Both training and fine-tuning utilized Generalized Dice Focal Loss, defined as:
\begin{equation}
\mathcal{L}_{\text{total}}=\mathcal{L}_{\text{GeneralizedDice}}+\mathcal{L}_{\text{Focal}}
\end{equation}
where $\mathcal{L}_{\text{GeneralizedDice}}$ is Generalized Dice Loss\cite{GeneralizedDice}, and $\mathcal{L}_{\text{Focal}}$ is Focal Loss\cite{FocalLoss}. 
\subsubsection{Evaluation Metrics.} We measure spatial segmentation accuracy using the per-class Dice Score, calculated for each individual image and then averaged. To assess temporal consistency, we modified the approach defined in \cite{temporal-consistency}. Instead of using the original implementation, we employed RAFT~\cite{RAFT} to predict optical flow between consecutive frames.
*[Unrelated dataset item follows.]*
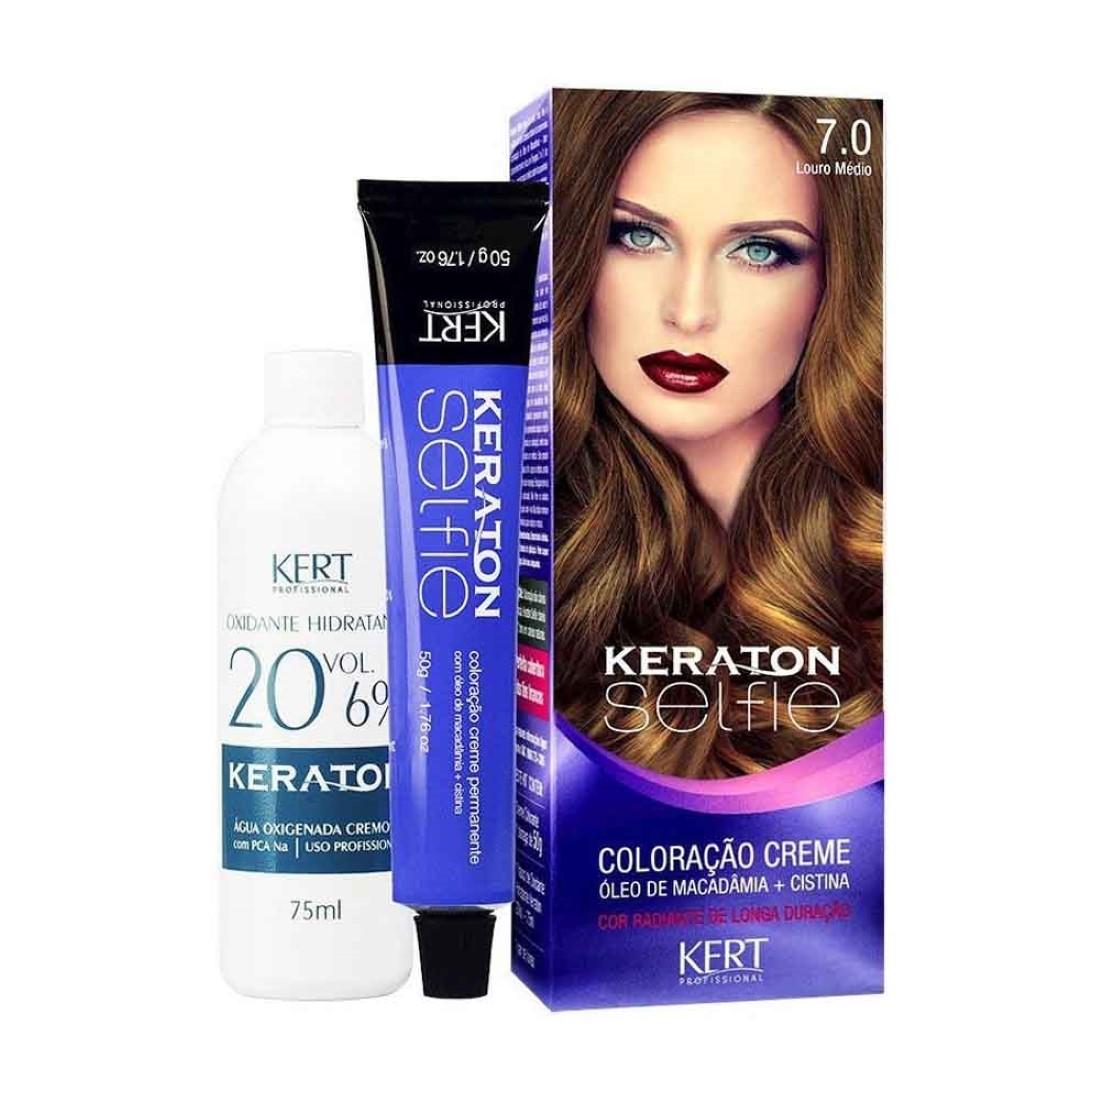 Coloração Keraton Selfie 7.0 Louro Médio - Kert Profissional

The mask $t-1$ is warped to frame $t$ using the predicted flow, and the mean Intersection over Union (mIoU) is computed between the warped mask and the predicted mask for frame  $t$. This metric is averaged across all frames in each video. For each dataset, temporal consistency is evaluated at fps = 60 (SAR-RARP50) and fps = 25 (CholecSeg8k). 

\subsubsection{Ablation Study}
An ablation study was conducted to isolate the effect of TMAM. Using the same training settings—minimal augmentation with resizing only, batch size 1, and 3 epochs, we fine-tuned the base segmentation models both with and without the TMAM components.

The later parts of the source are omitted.